Similarly, the Australian Competition and Consumer Commission (ACCC) reports that a broader shortfall in supply from 2P reserves could emerge by 2026. Both organisations suggest the need for more exploration and development in southern Australia, pipeline expansions and LNG imports to mitigate supply risks. However, the AEA report points out: ‘The speculative nature of unsanctioned new domestic supply sources, with a range of barriers including [the need for] significant investment in infrastructure to bring gas to market, have led to producers finding it increasingly difficult to obtain finance to invest in fossil fuel projects.’

 

The AER report continues: ‘Further factors also contribute to uncertainty surrounding long-term supply conditions, including under-performance of developed resources and the potential for southern production to decline faster than expected.’ Indeed, the Australian Domestic Gas Security Mechanism empowers the energy minister to require LNG projects to limit exports or find offsetting sources of new gas if a supply shortfall is likely. And the Australian government is currently negotiating a new Heads of Agreement with gas exporters to safeguard Australia’s domestic supplies.

 

No gas importation terminals are operational currently on the east coast of Australia. This means that Australia currently can export but not import LNG. In early 2021, five new LNG import terminals were under consideration in New South Wales, Victoria and South Australia, aiming to resolve a forecast shortfall in gas supply in the southern states from winter 2023. However, delays have pushed out the potential availability of import supply to winter 2024.

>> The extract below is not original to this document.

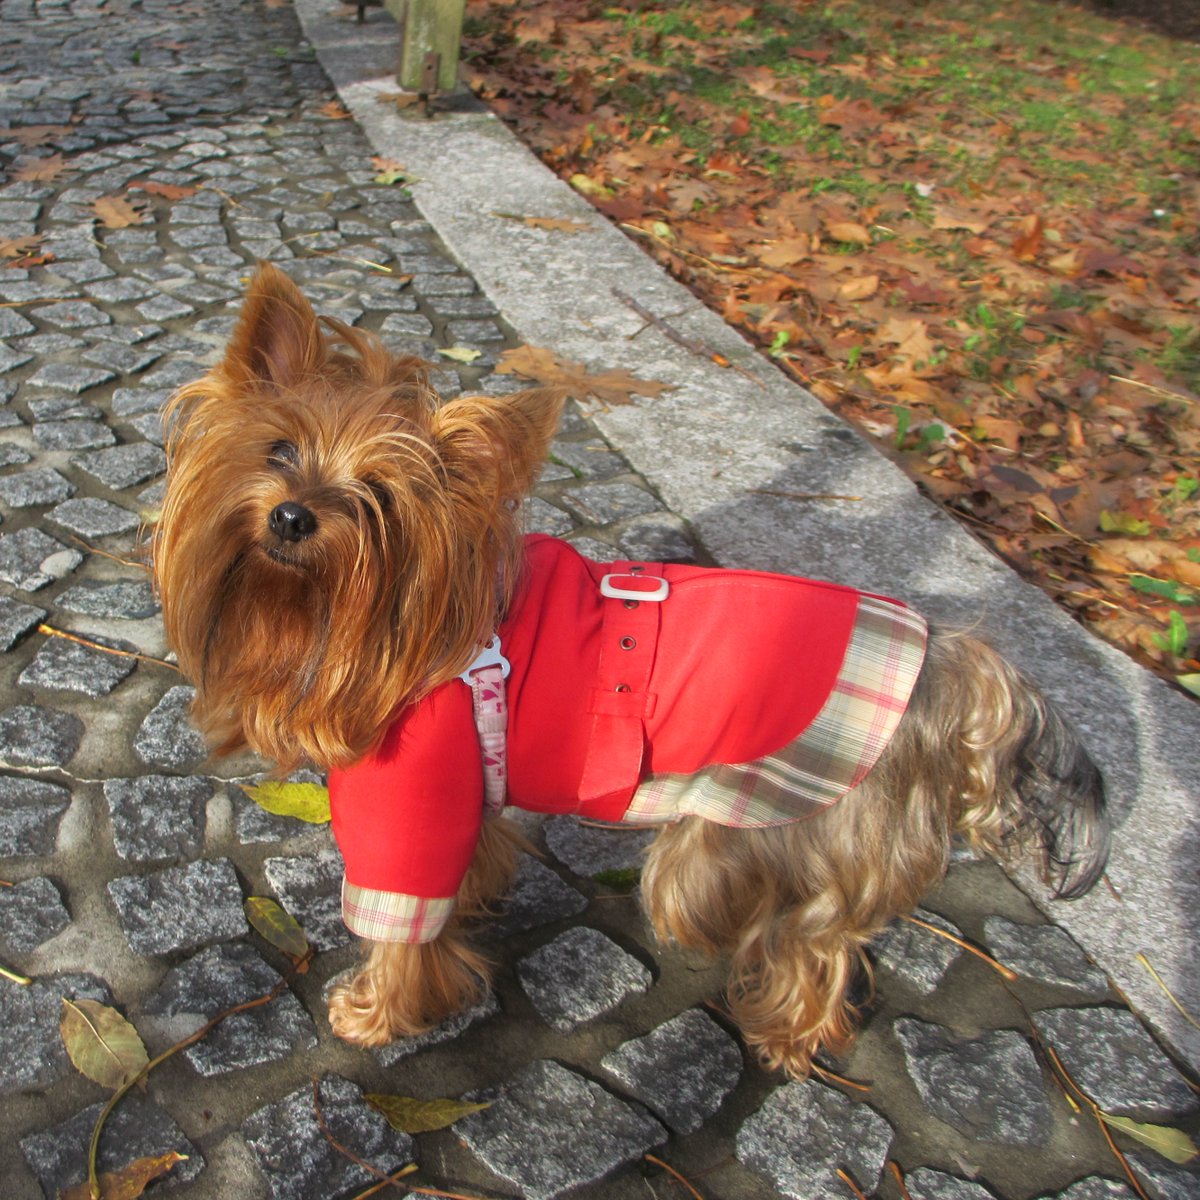 Nira #yorkshire #yorkshireterrier #yorkies #yorkielife #yorkielovers #yorkielover #yorkshire_terrier #dog #犬 #hund #chien #perro #cachorro #cane #citydog #yorkielove #yorkie #ヨーキー #york #йорк #yorkshire #собака #йоркширскийтерьер #terriers #doglovers #dogclothes #dogclothing

Proposed LNG import projects include Australian Industrial Energy’s commitment to build a terminal at Port Kembla, New South Wales, which was initially scheduled to commence operations from late 2022–2024. Commissioning is now expected late-2023, with gas supply for winter 2024.

 

Squadron Energy has lined up the Hoegh Galleon floating storage and regassification unit. Meanwhile, Venice Energy has proposed construction of a terminal at Port Adelaide and claims it has signed its first customer, with construction scheduled for 2H2022, to deliver gas by winter 2024.

 

Vopak is considering feasibility of an import terminal in Port Phillip Bay in Victoria. Several gas market participants have signed Memoranda of Understanding in support of the project. However, AGL ceased plans for development of a proposed floating terminal at Crib Point, Victoria, as the Victoria Minister of Planning said it would have ‘unacceptable environmental effects’. Another project backed by ExxonMobil was also abandoned back in 2019.

 

Fracking opposition   
There have been significant regulatory barriers to gas development in some states and territories, with community concerns about the environmental risks associated with fracking. Concerted opposition has led to legislative moratoria and regulatory restrictions on onshore gas exploration and development.

 

Currently, Victoria, South Australia, Tasmania, Western Australia and the Northern Territory have onshore fracking bans in place, with varying degrees of coverage. The Victoria government banned onshore hydraulic fracking and exploration for mining of coal seam gas (CSG) or onshore oil until 30 June 2020. In March 2021, the Victoria government committed the ban on fracking and CSG exploration to its constitution. However, onshore conventional gas exploration recommenced from July 2021.

 

In 2018, South Australia introduced a 10-year moratorium on fracking in the state’s south-east. However, unconventional gas extraction is allowed in the Cooper and Eromanga basins, and there are no restrictions on onshore conventional gas in South Australia. The Tasmanian government’s ban on fracking has been extended until 2025. The Northern Territory has made 51% of the territory eligible for fracking. New South Wales has no outright ban on onshore exploration, but regulatory hurdles have stalled development proposals.